第二个问题是为什么要花费不同的迭代次数才能到达堆栈的末尾?一个提示是,在程序的每次运行中,我们获得的地址都是不同的.
The second question is why does it take a different number of iterations to reach the end of the stack? A hint is in the fact that the addresses we get are different on every run of the program.
1 0x7fff8c4c13ac
1 0x7fff0a88f33c
1 0x7fff8d02fc2c
1 0x7fffbc74fd9c
堆栈在内存中的位置是随机的.这样做是为了防止整个缓冲区溢出漏洞利用.但是由于内存分配(尤其是在此级别)只能在多个页面(4096字节)中完成,因此所有初始堆栈指针都将对齐为0x1000.这样可以减少随机堆栈地址中的随机位数,因此只需在堆栈顶部浪费随机字节数即可增加额外的随机性.
The position of the stack in memory is randomized. This is done to prevent a whole family of buffer overflow exploits.

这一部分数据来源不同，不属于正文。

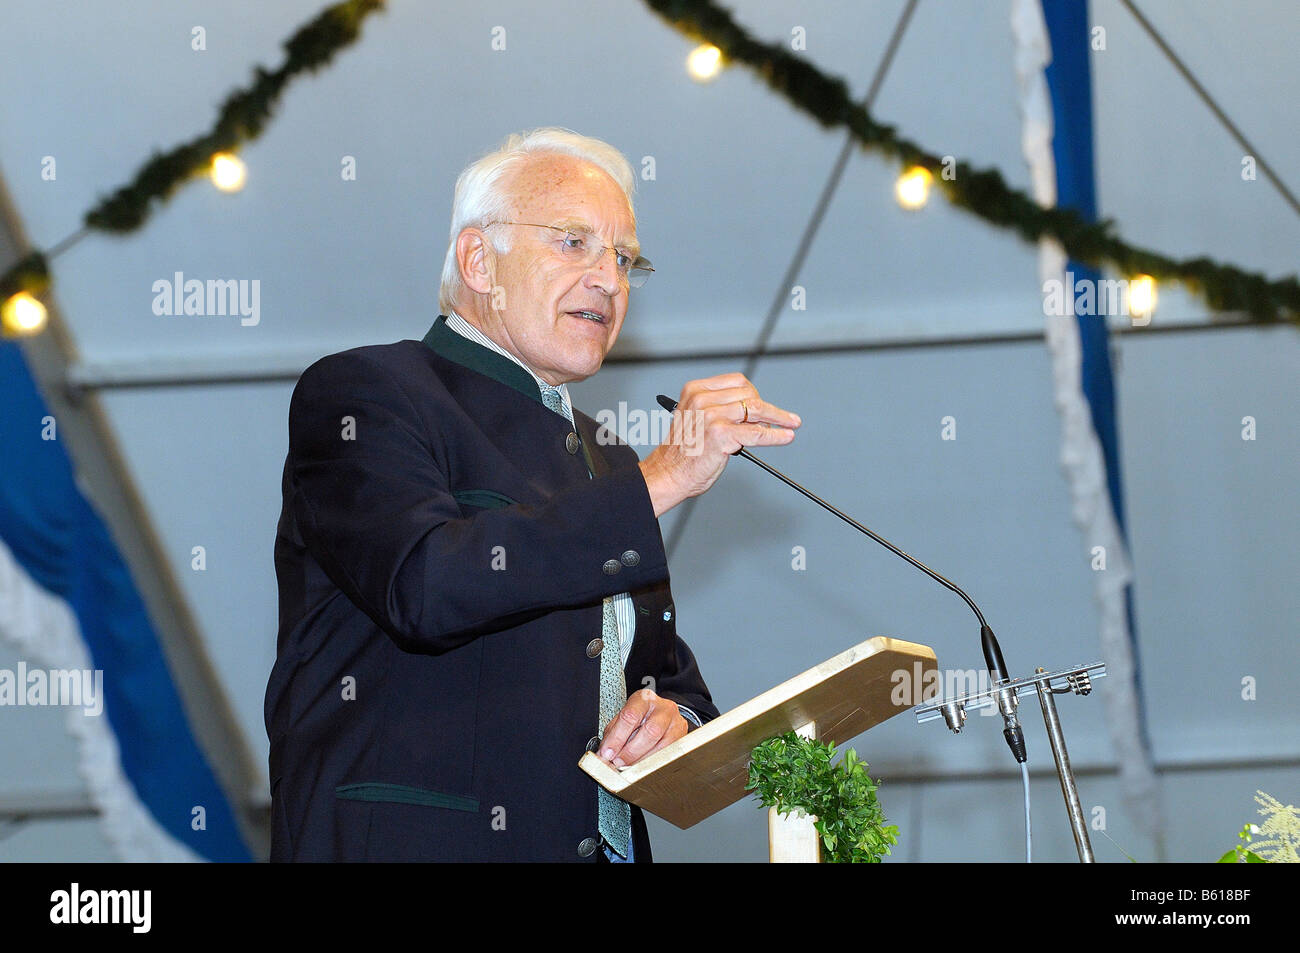 Dr. Edmund Stoiber holding a speech at a lectern in a beer tent, Grosshoehenrain, Upper Bavaria, Bavaria Stock Photo

But since memory allocations, especially at this level, can only be done in multiple of pages (4096 bytes) all initial stack pointers would be aligned at 0x1000. This would reduce the number of random bits in the randomized stack address, so additional randomness is added by just wasting a random amount of bytes at the top of the stack.
操作系统只能在整个页面中说明您使用的内存量,包括堆栈上的限制.因此,即使堆栈从一个随机地址开始,堆栈上的最后一个可访问地址也将始终是以0xfff结尾的地址.
The operating system can only account the amount of memory you use, including the limit on the stack, in whole pages. So even though the stack starts at a random address, the last accessible address on the stack will always be an address ending in 0xfff.
简单的答案是:为了增加随机存储器布局中的随机性,故意浪费了堆栈顶部的一堆字节,但是堆栈的末尾必须在页面边界结束.
The short answer is: to increase the amount of randomness in the randomized memory layout a bunch of bytes on the top of the stack are deliberately wasted, but the end of the stack has to end on a page boundary.
这篇关于为什么stackoverflow错误混乱?的文章就介绍到这了,希望我们推荐的答案对大家有所帮助,也希望大家多多支持IT屋!